然後還有一個人,從義光的身後悠然而悄然地走進了浴場——
「人狼女王……!」
「啊啦?是里見學生會長呀」
她扶著臉笑著說道。
「我們在外面有點意氣相投了呢,……正想著接下來的相對戰前把身體洗乾淨哦」
……相對!?
義康屏住了呼吸,看向手邊的表示框。
相對申請的文字浮現在畫面上,那是——
《申請中:最上•義光:益田•元祥*》 (*註:歷史上是毛利家心腹家臣,毛利兩川之一吉川元春的女婿,人狼女王的極東側襲名)
眼前這兩人正準備以某種形式相對。
這是怪獸的大決戰啊,義康不由得這麼想。呼口氣調整了下剛剛的思考,接著想到的是——
……總不會是空詠(卡拉ok)吧……。
●
天空的顏色開始變化了。
是陰暗的天空褪去光芒,強風從海邊吹來的時間。
可謂陣風的大氣流動使得充滿了水的護城河間,周圍排列著的北條旗幟隨風飄蕩。
小田原城的入口,正門前的廣場上現在立著一個人影。
身穿破損衣裝的那人是世鬼•政定。
她拿著行李站在廣場的路障前。
將大木桶放在不成比例的小板車上,用上了重力制御搬運了過來。
她對著眼前的排列著路障說道。
「不好意思,——能讓我過去嗎,我的主人正期待我的成果」
『那是不可能的!』
門上傳來了聲音。
是走狗。穿著女忍者衣裝的是北條方代表小太郎。
她見世鬼的裝扮蹙起眉頭,
『你這裝扮是想來幹嘛!』
「Tes.,——所以說,是來打敗北條方奪得權益的」
『——找氏照大人做對手不好嗎?』
「找過了,但沒找到」
『沒找到?』
「還以為在小吃店裡……」
這時,世鬼用重力制御滾動了搬過來的大桶中的一個。
她破損了的身體發出吱嘎聲,但穩妥地將大桶扔下地面,打開了蓋子。
從中掉落到碎石廣場的地面上的是——
「——這是氏照公自動人偶機殼的破損零件」
『……!』
小太郎蹙眉。
『不來保護當主,逃走了嗎……!』
「應該是有什麼考慮,——小太郎大人,您認為呢?」
『……沒辦法了!』
小太郎說完,揮動雙臂。
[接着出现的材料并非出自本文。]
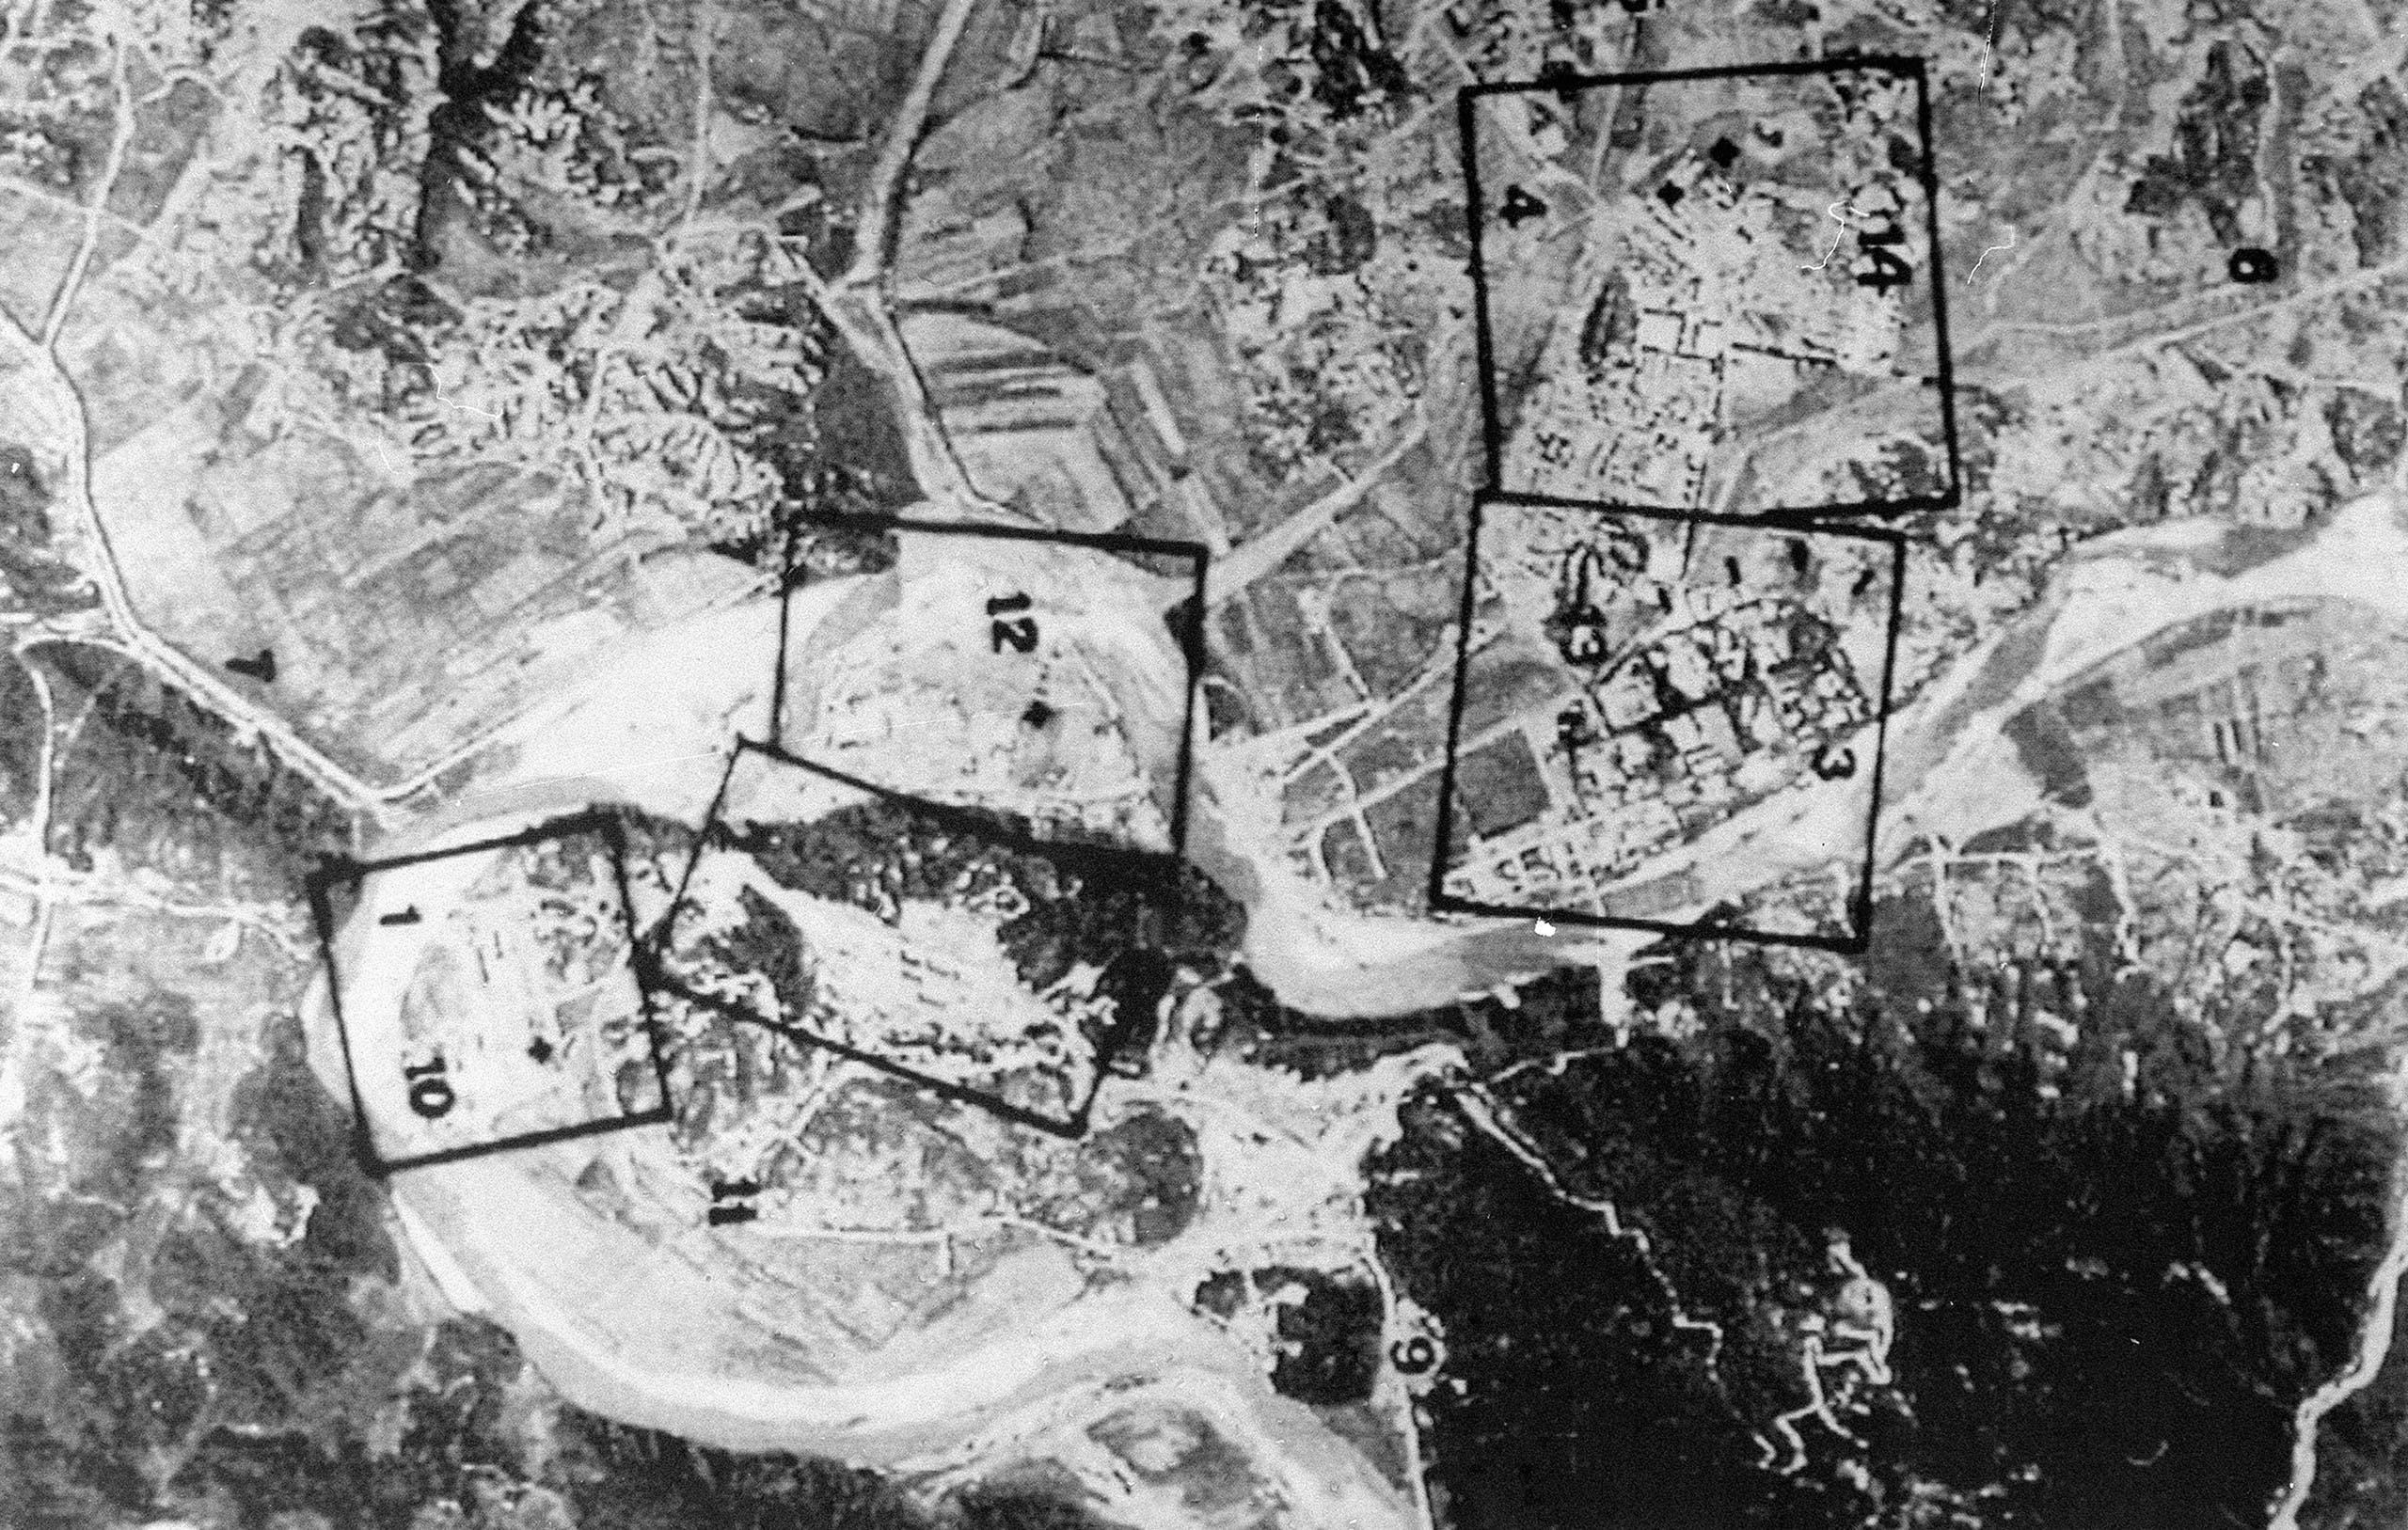 مجمع يونغبيون النووي (فرانس برس)
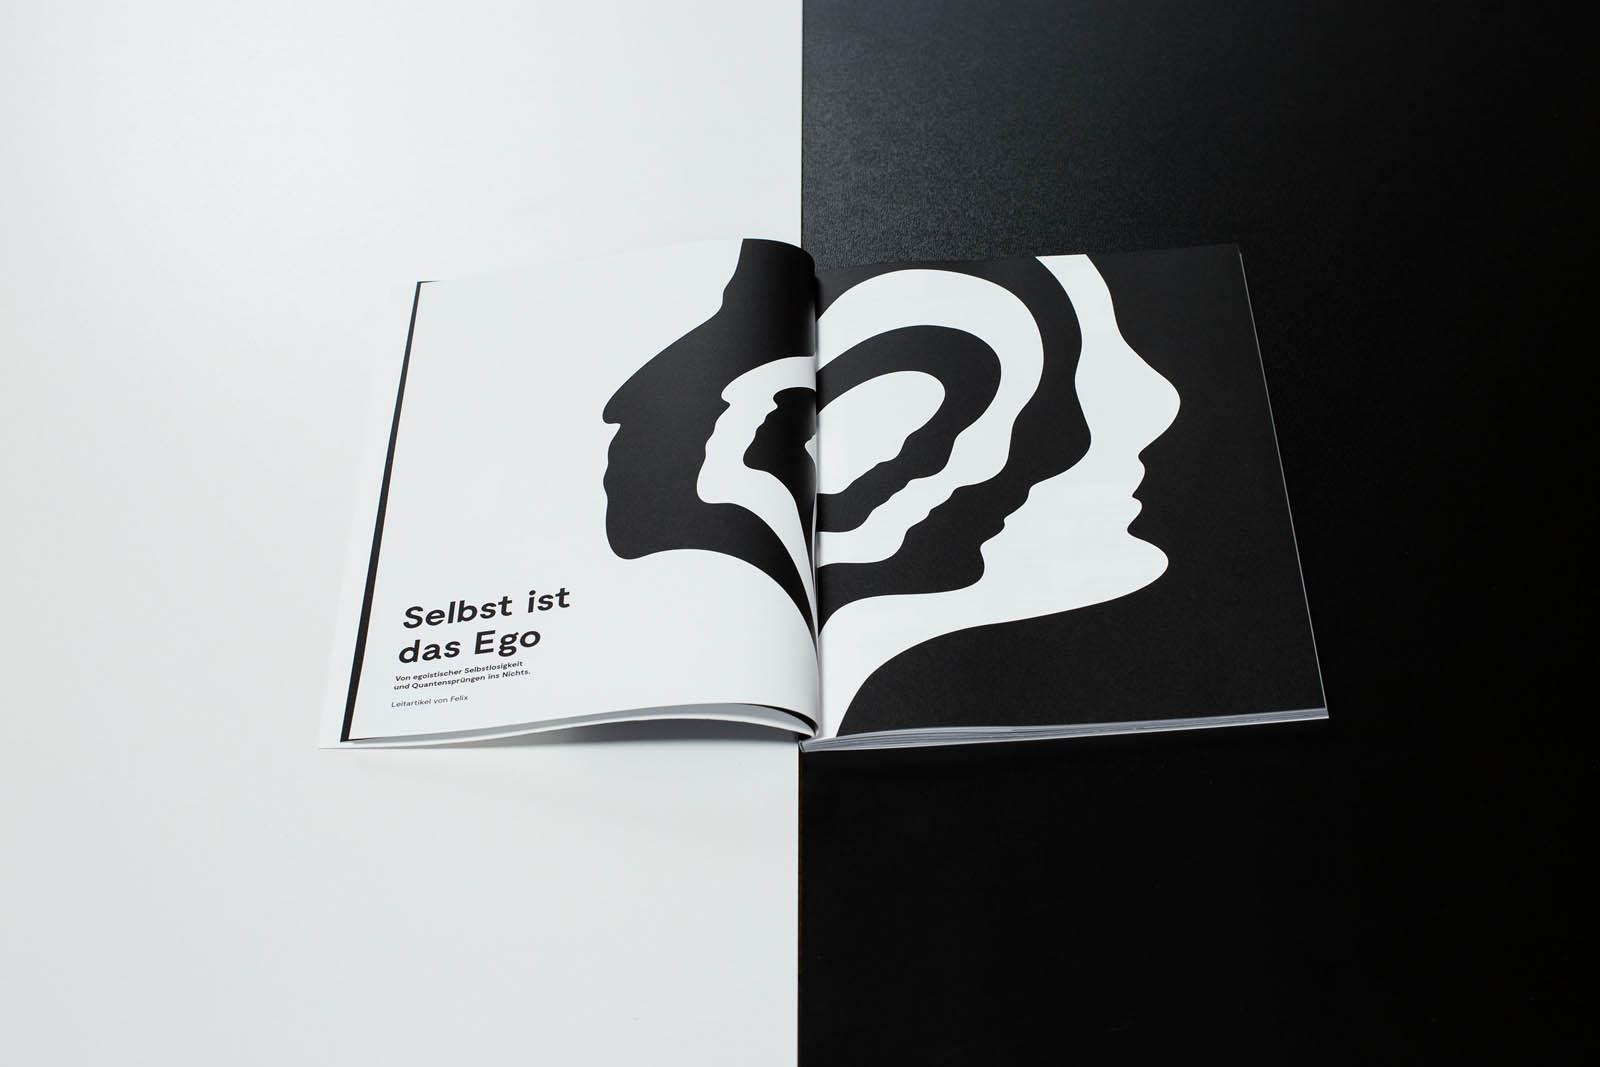 exit ego

呼應著她的動作,她的周圍展開了大量的表示框。那些表示框如同翻卷的漩渦般,在走狗的周圍升起——
『「風魔陣」——啟動』
說話的同時,一直存在於廣場上的路障一齊動了。
被當作牆壁,施加了類似岩石般的擬裝的那些東西,將外套和構造材料從內側移開,現出原形。在飛上天的布蓬下面的是——
「武神……,還有……」
八台重武神和三十二台自動人偶。但是,武神和自動人偶皆有著一個特徵。
沒有臉。
視覺素子和聽覺素子的洞口空空如也的構造物,出現在那裡。
是遠隔操作式。操作者是——
『——風魔
•小太郎,要上了』
她話音落下的瞬間,炮聲便震動了大氣。
世鬼準備的大桶之一,裡面射出的炮擊擊穿了武神。
●
世鬼從圍裙里拔出了長匕首,連續發起炮擊。
帶來的大桶有五個,其中一個裝著氏照的零件,剩下三個*則是武器庫。(*註:這裡沒有打錯,剩下的一個桶子裡裝的東西下面會揭曉)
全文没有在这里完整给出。